Professor Yu and Li developed gel polymer electrolytes (GPEs), a semi-solid or semi-liquid material, as a new kind of filling for lithium batteries.

Traditional liquid solutions have the advantage of high conductivity, which means they transfer lithium ions faster. Solid polymer electrolytes, on the other hand, offer higher flexibility and better fire security.

GPEs are at an intermediate state and so combine their advantages in conductivity and safety, according to the researchers.

GPEs are made up of nano-sized silica and nanoparticles that serve as inorganic fillers, where a nanofibre works as a supporting substrate for the nanoparticles. The researchers also used liquid electrolyte to fill in the vacant space between pores and thus formed a jellylike electrolyte.

Schematic illustration of the battery. Photo- Li Nianwu

The nanosilica and nanoparticles can increase conductivity because they stimulate the movement of electrically charged ions in the lithium and the chemicals.
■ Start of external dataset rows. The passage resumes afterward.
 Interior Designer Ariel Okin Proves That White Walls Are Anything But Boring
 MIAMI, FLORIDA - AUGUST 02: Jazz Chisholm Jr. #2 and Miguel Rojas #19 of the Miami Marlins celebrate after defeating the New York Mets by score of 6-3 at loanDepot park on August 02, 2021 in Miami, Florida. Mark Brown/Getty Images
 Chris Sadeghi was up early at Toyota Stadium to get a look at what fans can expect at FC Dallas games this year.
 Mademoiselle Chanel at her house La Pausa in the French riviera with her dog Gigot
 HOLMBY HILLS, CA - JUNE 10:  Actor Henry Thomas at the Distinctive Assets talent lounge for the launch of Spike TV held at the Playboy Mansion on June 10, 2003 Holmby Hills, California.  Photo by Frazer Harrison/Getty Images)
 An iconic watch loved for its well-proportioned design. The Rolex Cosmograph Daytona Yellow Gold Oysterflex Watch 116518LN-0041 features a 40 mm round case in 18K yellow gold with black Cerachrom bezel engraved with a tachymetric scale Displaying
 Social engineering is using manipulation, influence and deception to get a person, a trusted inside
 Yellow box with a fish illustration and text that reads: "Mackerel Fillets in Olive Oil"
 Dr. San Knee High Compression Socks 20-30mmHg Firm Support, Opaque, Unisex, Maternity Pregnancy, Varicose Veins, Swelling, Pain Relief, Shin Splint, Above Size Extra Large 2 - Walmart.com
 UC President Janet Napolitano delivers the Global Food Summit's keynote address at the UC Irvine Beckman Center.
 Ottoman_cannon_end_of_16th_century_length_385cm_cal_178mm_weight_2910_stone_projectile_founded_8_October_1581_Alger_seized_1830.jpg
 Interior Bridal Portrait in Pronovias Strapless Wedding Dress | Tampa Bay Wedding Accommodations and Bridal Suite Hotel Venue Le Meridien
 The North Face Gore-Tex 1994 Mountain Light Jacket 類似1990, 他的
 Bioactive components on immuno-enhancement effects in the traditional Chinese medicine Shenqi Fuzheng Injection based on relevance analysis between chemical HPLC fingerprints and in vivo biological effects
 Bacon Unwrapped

The sub-nanometre porous structure can further increase the freedom of movement of the lithium ions, the scientists said.

The nanoparticles also enhance fire safety of GPEs because they are not flammable by nature.

And the nanofibres, which are porous, support and increase the flexibility of the internal structure of the battery.

All these features give the novel electrolyte extra stability and performance, according to the researchers.

“China is taking the lead in the development of high energy-density batteries, companies like BYD Co and Contemporary Amperex Technology are doing a great job in this area. But battery explosion and safety issues remain a global concern,” Li said.,“Many researchers are solving the problem in different tracks and provide various options, including replacing the electrolytes with solid ceramic or nanocomposite materials. Our gel polymer electrolytes represent one option.”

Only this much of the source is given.